Yo are 100% correct with this observation. And there is an explanation of WHY the PPHM (UTSW) technology can do this.

PPHM had already established the relation of increased levels of PS in the bloodstream when a tumour existed somewhere. The idea was that ON TOP of the PS coming from apoptosis there would be EXTRA PS in the blood stream coming from the damaged endothelial cells there were the tumour is.

So if you look for micro vesicles that hold PS + your target molecule you can not only count the target molecule to evaluate it against a scale but you can FIRST, based on your PS count, decide if there is a tumor or not. If not all molecule count is useless (and that is what the others do) because it might not be cancer related.

For instance during a VIRAL problem the amount of PS can be EXTREMELY high, masking tumours but ALSO indicating that the molecule count should be analysed with care because it is probably NOT cancer but viral related.

So PPHM fist looks at PS and based on PS scaling then counts target molecules. PS allows to find out the STAGE and monitor progression/regression during treatment.

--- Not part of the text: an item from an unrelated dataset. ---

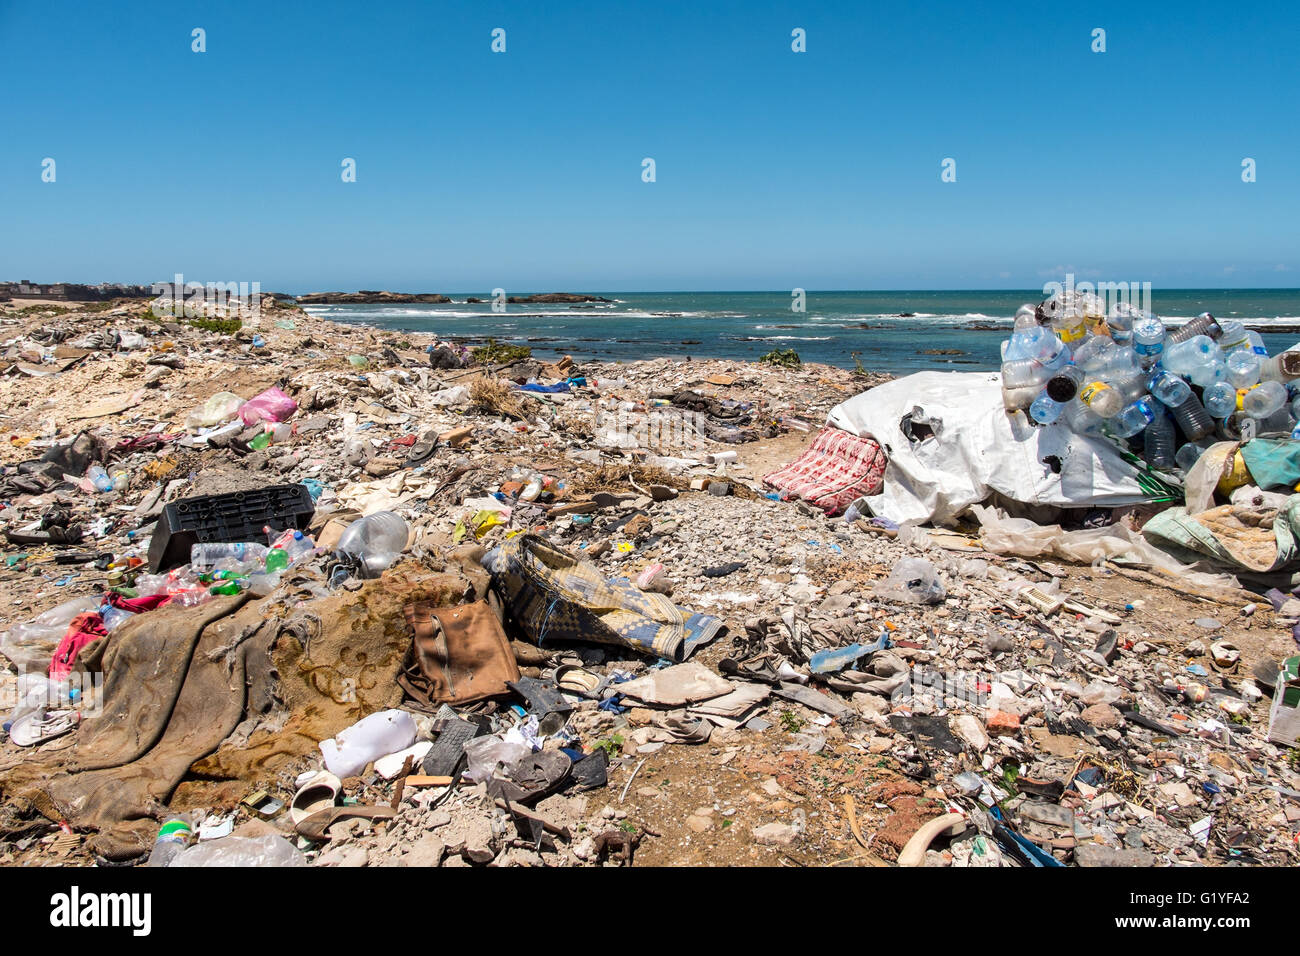 Rubbish dumped on a beach on the Atlantic coast of Morocco Stock Photo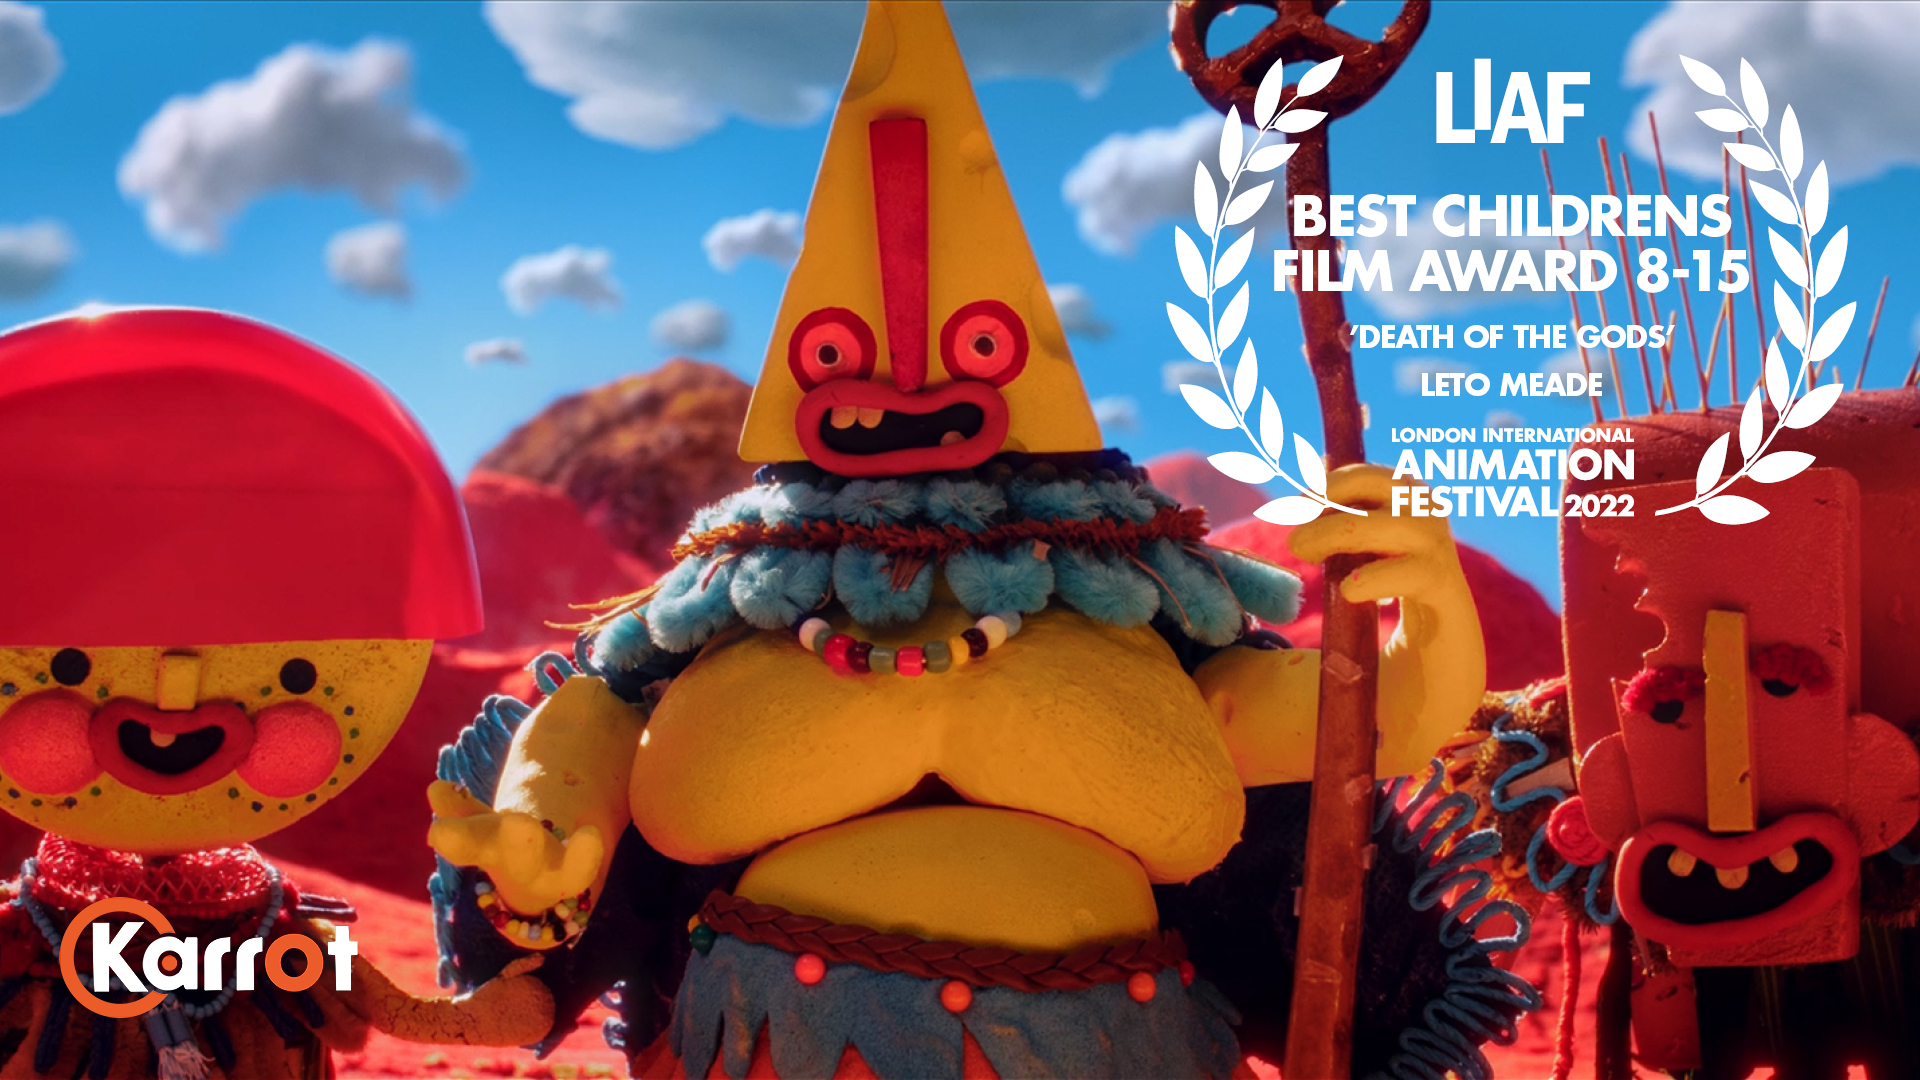 LIAF, London International Animation Festival, Death of the Gods, Leto Meade

The Practical and moneytisable advantage of all this is that PPHM does NOT have to handle mutations over time (as do DNA based techniques), will have very few to no false positives/negatives, is a COMPLETE TEST as needed to tap in said 100-200Bil$ market in cancer diagnostics and it is SIMPLE, FAST and CHEAP (which cannot be said of all non-blood test based tests and very often also not of many blood test based test because they need centrifugal activities).